FI and I are buying a house in less than two weeks (yay!), merging households w my daughter in two weeks (yay but a bit nervous!) getting married in oct w a huge wedding (yay!) and dealing with a custody battle w Ex-H (boo!) needless to say there is a lot of stress, adjustment, ect. So we have been fighting over stupid things recently, it seems every day. The fights are fair, resolved, etc- as good as fights can be. But it's hard for me.
Ex-H and I never fought bc I never said anything about my needs, because if I did he would go into passive aggressive punnishment mode. So I know the fact that FI and I can fight (in a healthy way) is actually a good thing- but I am not used to it AT ALL and it scares me. So it's hard for me to deal with, I think harder than it is for a "normal" person to deal with.

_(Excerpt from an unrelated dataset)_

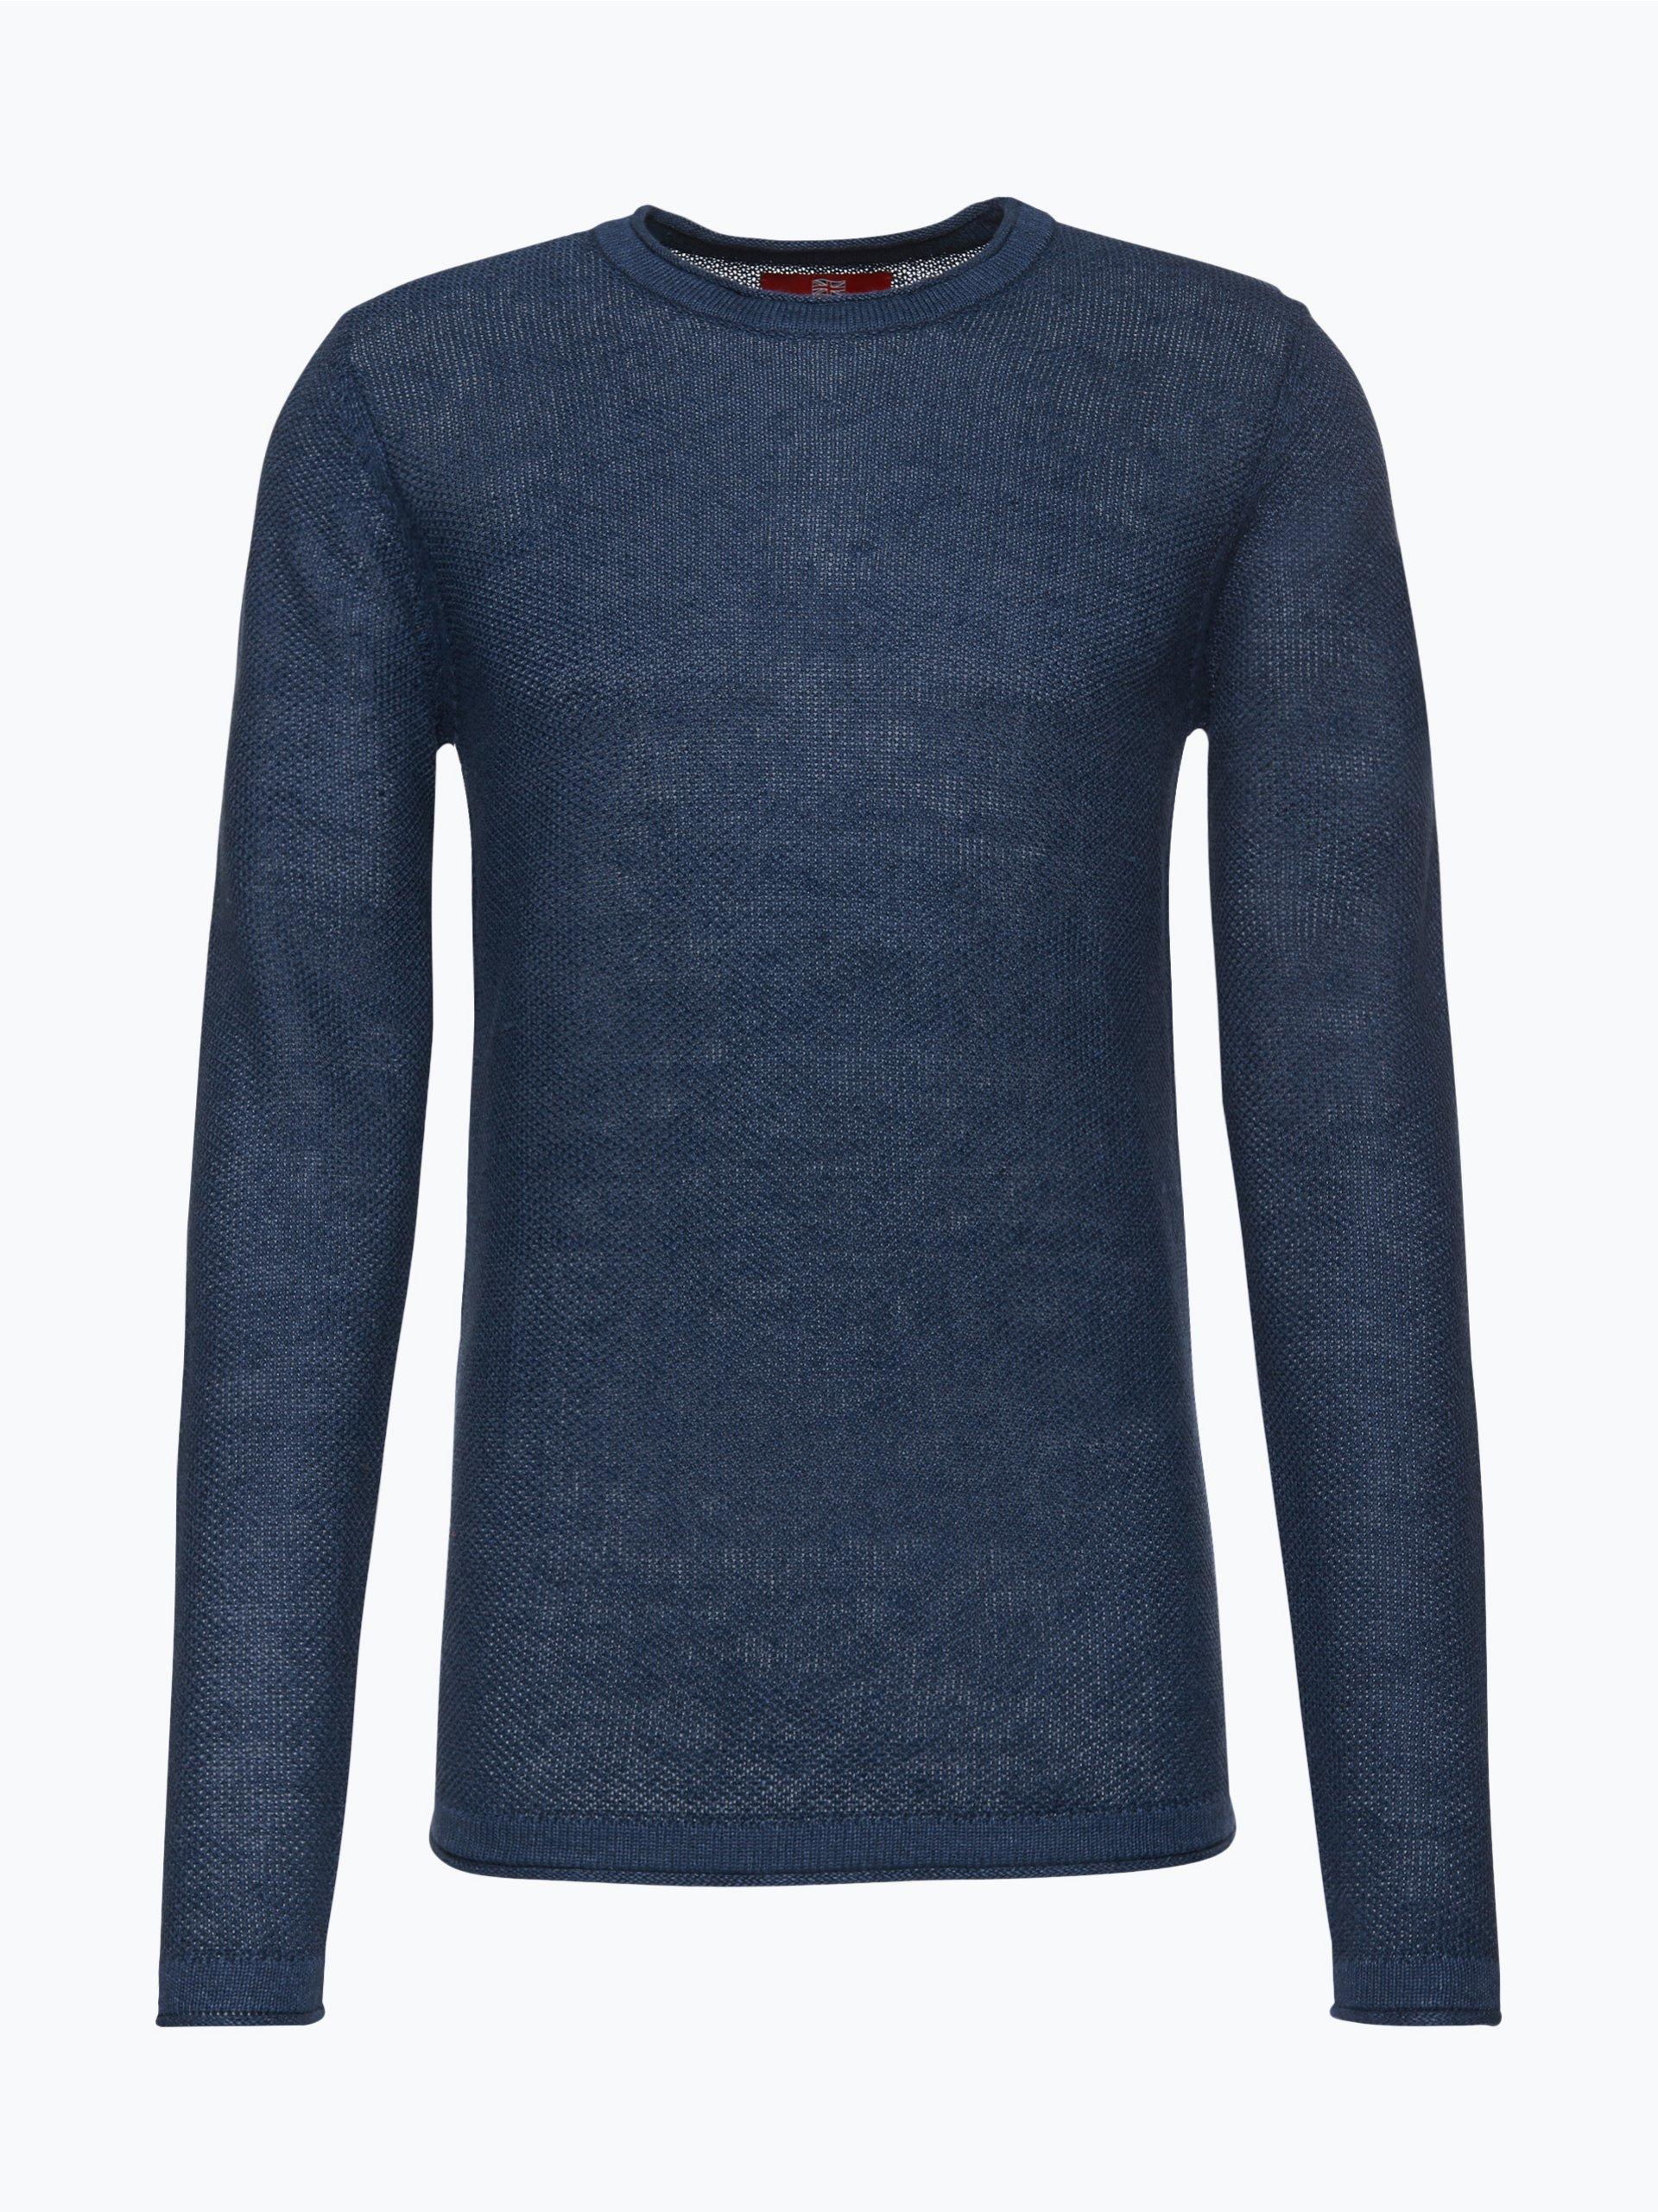 Finshley & Harding London Męski sweter z lnu

We've agreed to push back the plan to go off birth control this month because of all the stress and adjustments. But that makes me sad, even though I know it is the logical thing- I just feel old (he is 27, I am 34). I know it is the right thing, but I feel old. I know it is the right thing, but it had been our plan and the reason we moved the wedding up from 2012, so choosing to push it back because we are fighting and need to adjust feels like an epic fail.

I keep telling myself it is the right decision, but I feel a bit down and conflicted about it. I don't have any doubts about FI being the forever one for me and my daughter, so I am sad about the delay even though I know it is right. I guess I have to remember that there are no fairy tales, and if you put enough pressure on a relationship that even is a perfect fit, it can break. We don't need any more pressure right now.
I just had to put that out there to others who might understand. If you never fought because you had a terribly controlling Ex-H, how do you get used to the idea that fighting can be ok?